I can't find a contradiction.
On
Suppose you do have a classical solution. Then multiply both sides by $\sin(t)$ and integrate: $$ \int_{0}^{\pi}\sin(t)(u''(t)+u(t))\,dt = -\int_{0}^{\pi}\sin(t)\,dt. $$ This leads to a contradiction. The right is non-zero. However, the left side evaluates to $0$ because integration by parts gives $$ \begin{align} \int_{0}^{\pi}\sin(t)u''(t)\,dt & = \left.\sin(t)u'(t)\right|_{t=0}^{\pi}-\int_{0}^{\pi}\cos(t)u'(t)\,dt \\ & = \left.\sin(t)u'(t)\right|_{t=0}^{\pi}-\left.\cos(t)u(t)\right|_{t=0}^{\pi} -\int_{0}^{\pi}\sin(t)u(t)\,dt \\ & = -\int_{0}^{\pi}\sin(t)u(t)\,dt. \end{align} $$ NOTE: This is not just a strange guess. The reason for this is that, for a selfadjoint $A$, one has $\mathcal{N}(A)=\mathcal{R}(A)^{\perp}$. And $Au = -u''-u$ on the Sobolev domain with $u(0)=u(\pi)=0$ has a non-trivial homogenous solution $\sin(t)$. So the constant function $1$ cannot be in the range of $A$ becuase it is not orthogonal to $\sin(t)$.
Now that you have proved that every weak solution is a strong solution, you can proceed as follows.
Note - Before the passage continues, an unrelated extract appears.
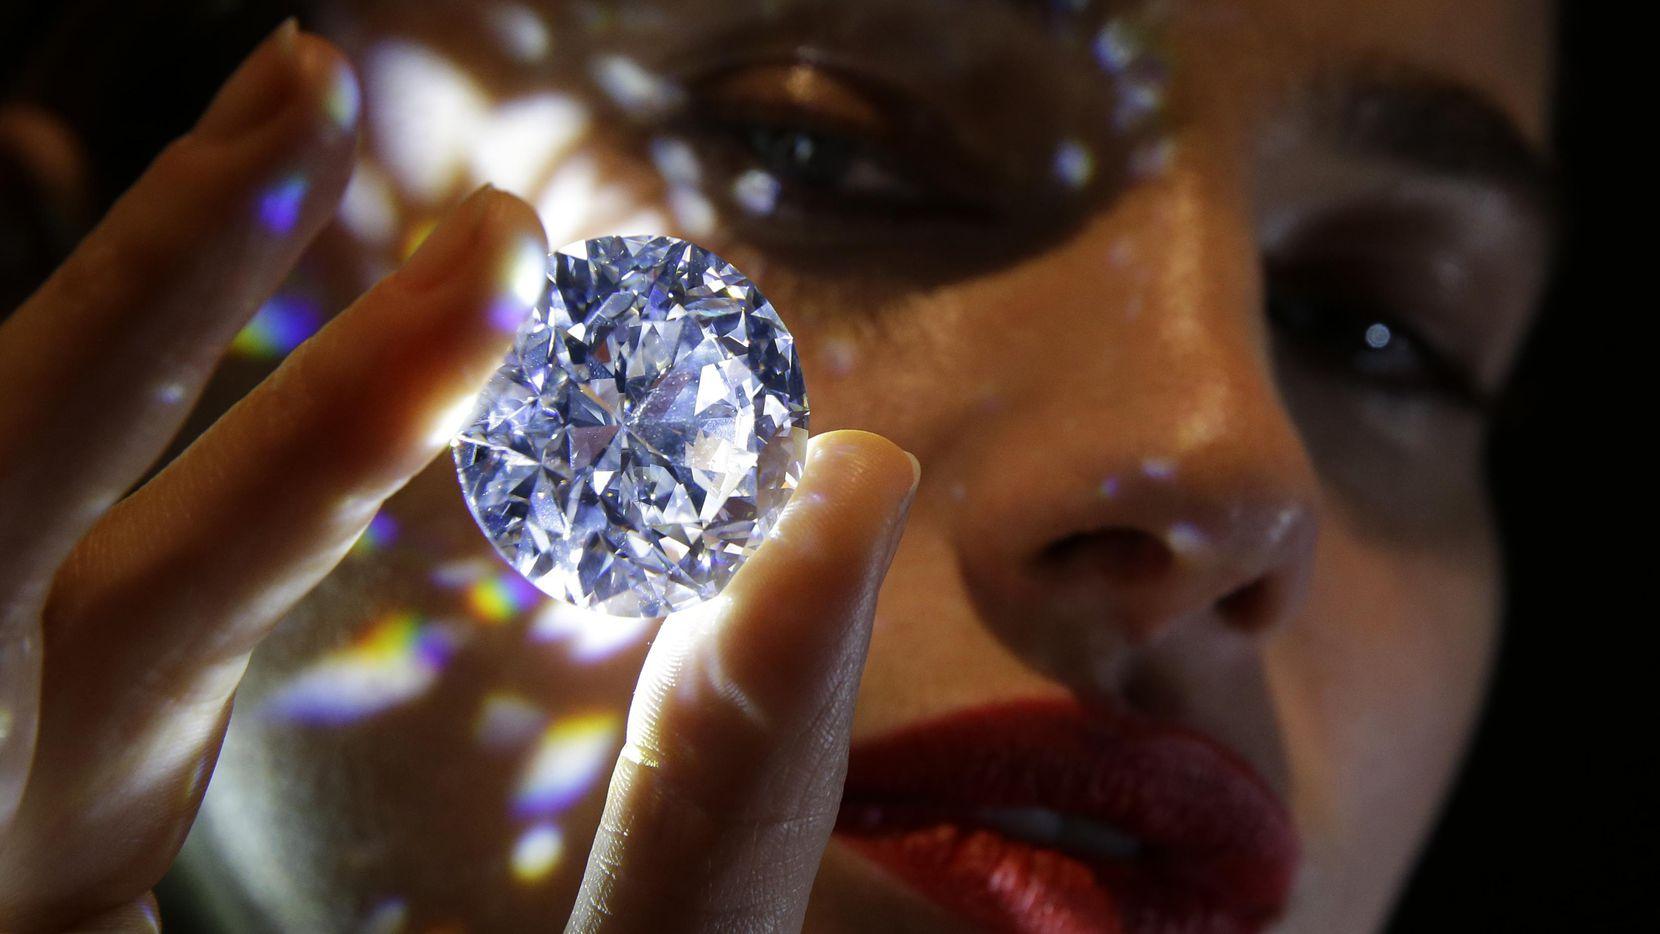 El diamante de 101.34 quilates es mostrado por una modelo en la casa de subastas Sotheby's. (AP/Alastair Grant)

Assume that there exists a weak solution, $u$, of your problem. It is simultaneously a strong solution, i.e., in particular, satisfies the equation on $[0,\pi]$. The general solution of this equation is $u=A\sin x+B\cos x-1$. The boundary condition at $x=0$ says that $B=1$, while the boundary condition at $x=\pi$ says that $B=-1$. Thus, you obtain $1=-1$. A contradiction. :)